ということは、前回も言ったように、池田信夫センセイは、小泉・竹中流の緊縮財政を基調とする「構造改革路線」の経済学を信奉していると言うことですね。池田信夫センセイが、怒りだしたくなるのも当然ですね。

そこで、中川財務・金融大臣が「中央公論」に発表した評論を、「大学1年生レベルのマクロ経済学」も知らない、と言って罵倒しているというわけです。

そして池田信夫センセイが、出してくるのが「反ケインズ経済学」としての「マンデル・フレミング」モデルというわけです。たしかに「マンデル・フレミング」モデルは、ケインズ型の経済学を批判したものですが、この批判が有効かどうかは、必ずしも自明の事実ではありません。批判する人も少なくないのです。単に学説の一つですから。

しかし、池田信夫センセイは、「こんなことも知らないのか」「大学一年程度の経済学の常識だ」と言います。面白いですね。「マンデル・フレミング」モデルを「鵜呑み」にして、絶対化しているのは明らかに池田信夫センセイということだけは、はっきりしていますね。

さて、「マンデル・フレミング」モデルを使った経済学とはどういう経済学でしょうか。それは、財政出動、積極財政による景気回復に伴う「累乗指数」(ケインズ経済学の基本)を無効を宣言する経済学です。その時に使われるモデルが、ISとLMですね。ここでは、面倒なので示しませんが……。

そこで、「東大法学部卒の中川氏はISもLMも知らないかもしれないが」というわけです。要するに、ケインズ経済学を批判・否定するものですが、これが、いわゆる竹中等のアメリカ式新自由主義の理論的根拠の一つです。

一方、ケインズ経済学とは、需要不足が不景気の原因だから、まず需要を喚起するために財政出動を行うべきだ、その時投下された資金は、生産から消費に向かい、「累乗指数」に沿って増加し、やがて供給の拡大と共に景気回復をもたらす、というものです。

池田信夫センセイは、ケインズ経済学を批判否定するわけですね。
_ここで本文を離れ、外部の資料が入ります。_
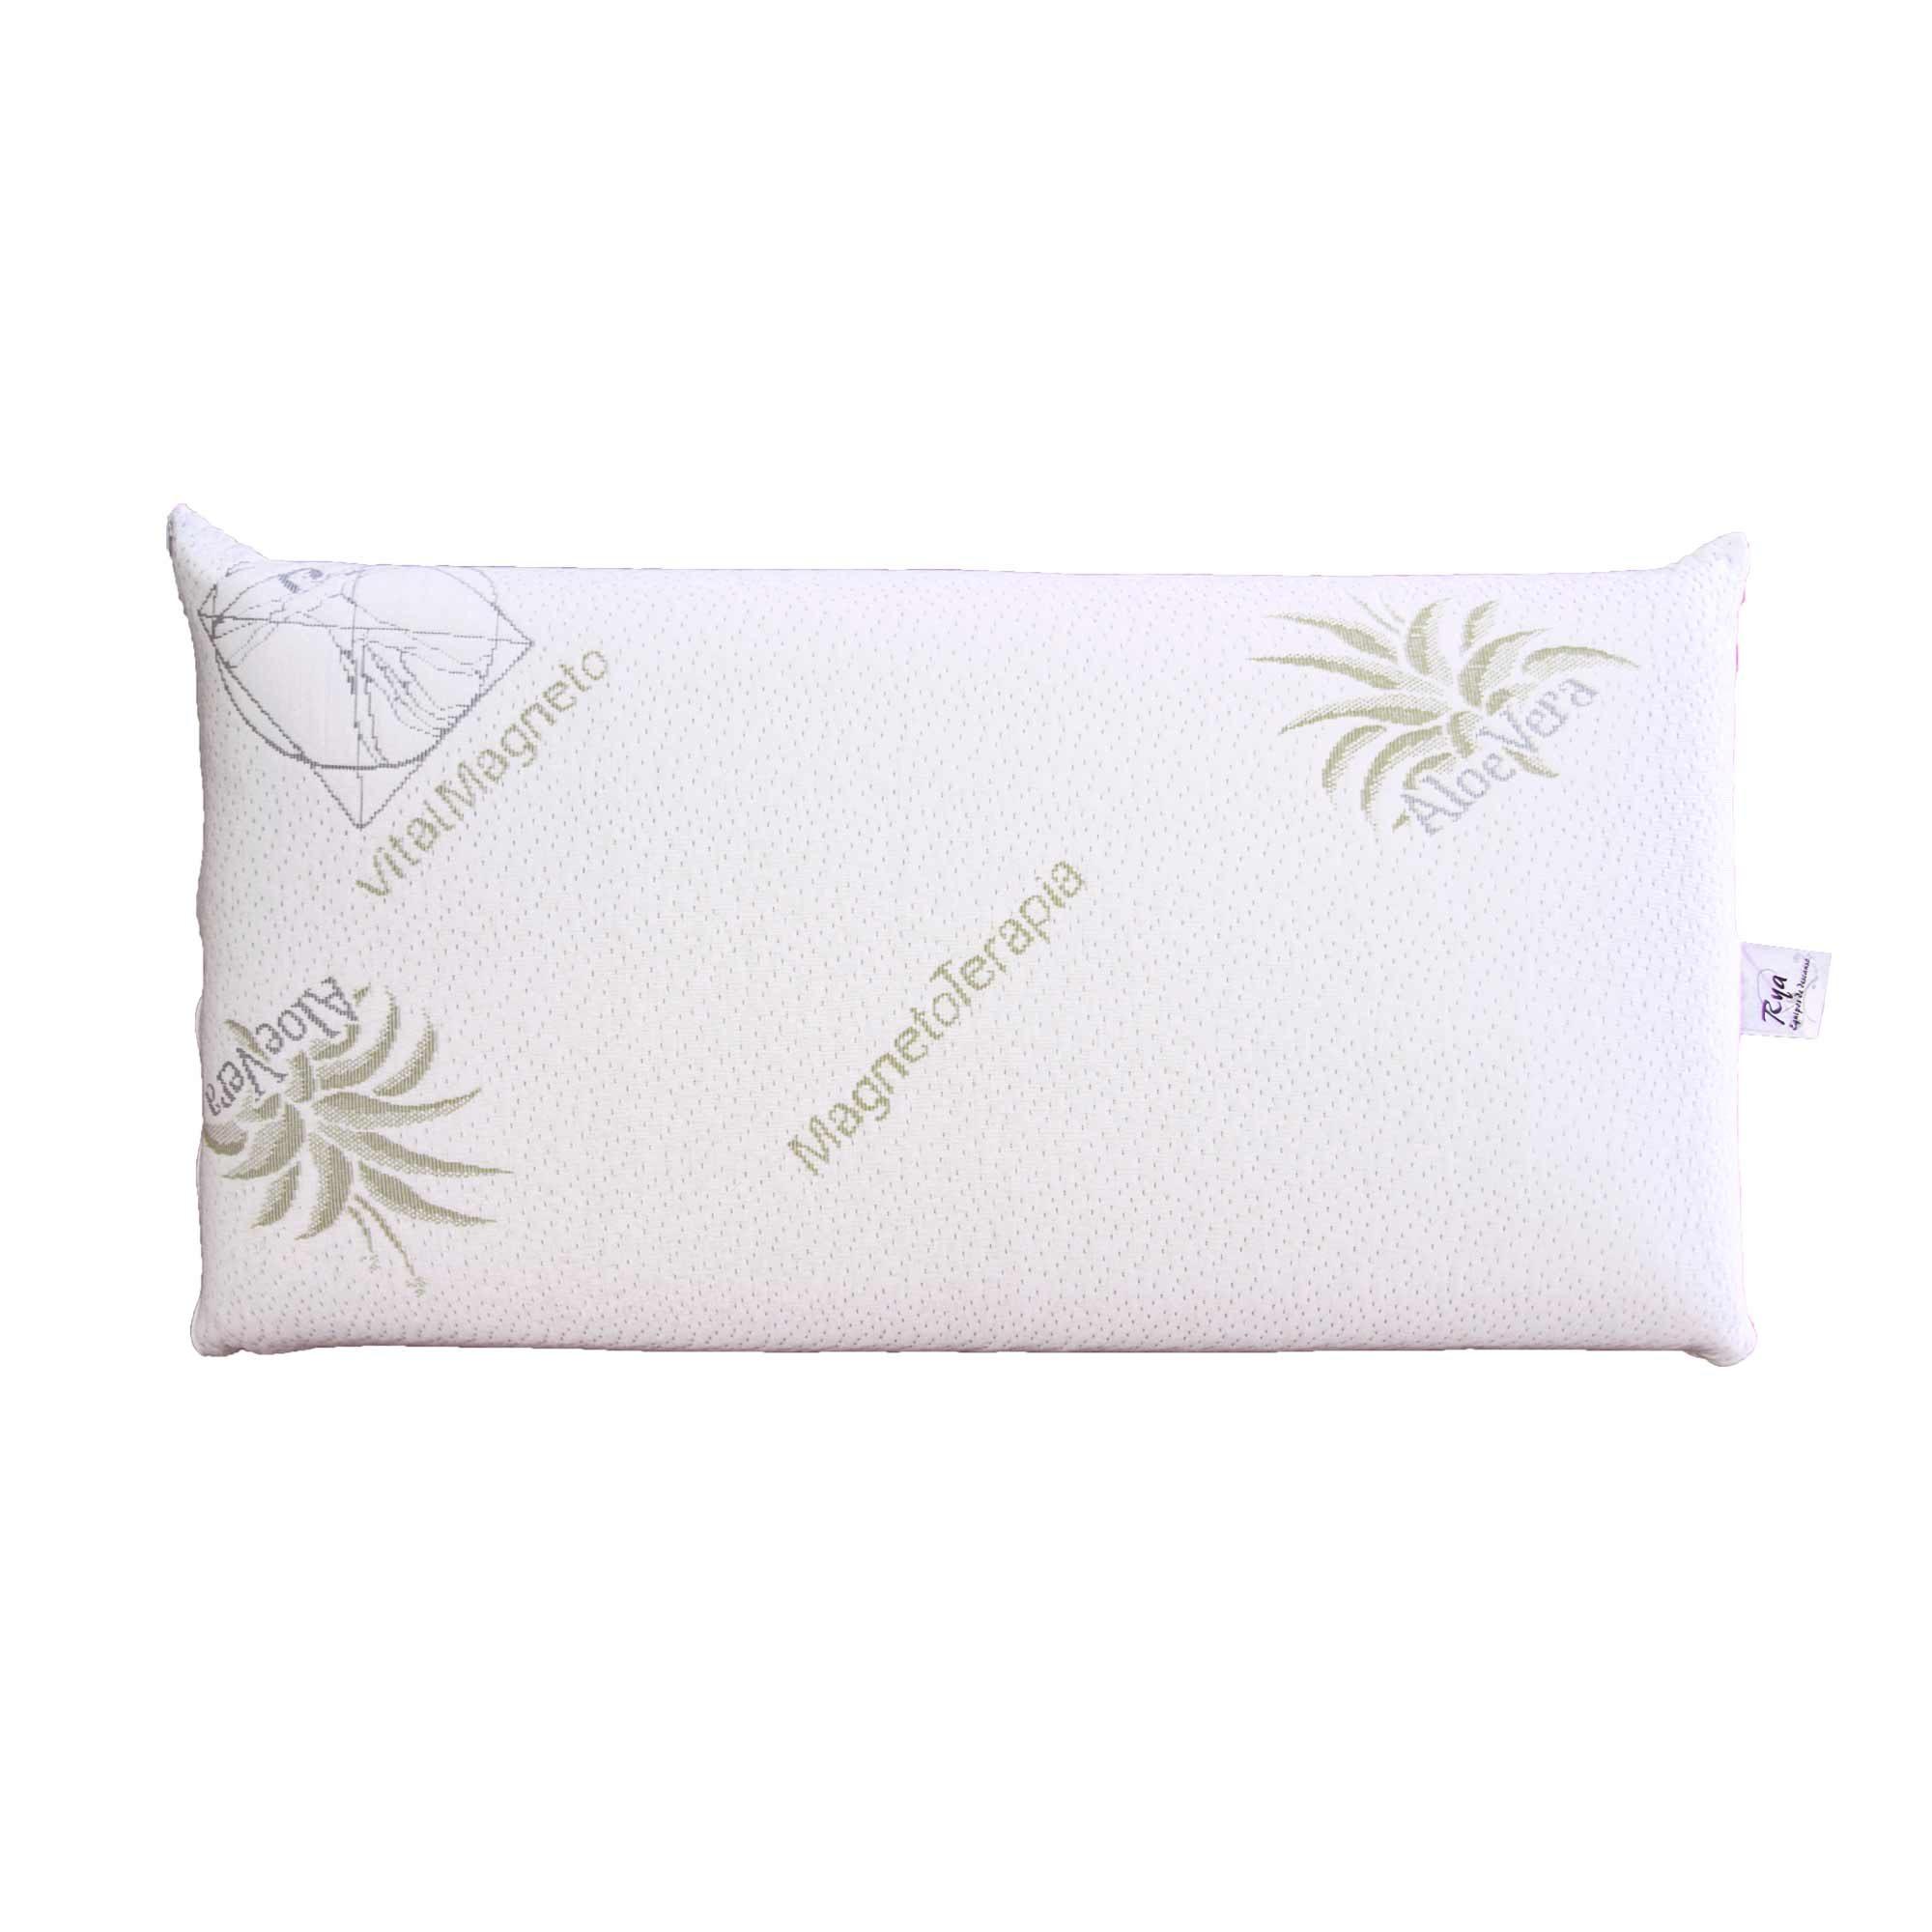 comprar almohada con aloe vera

そこで、「アメリカで行われている金融危機対策については、経済学者にとっても勉強になるハイレベルの論争が行われているが、日本ではまだ半世紀前のケインズの亡霊が徘徊しているようだ。」というわけです。

「アメリカでは……」「ハイレベルの論争が行われているが……」というのは、池田信夫センセイの思い込みに過ぎませんね。いわゆる「『では』の神」というわけです。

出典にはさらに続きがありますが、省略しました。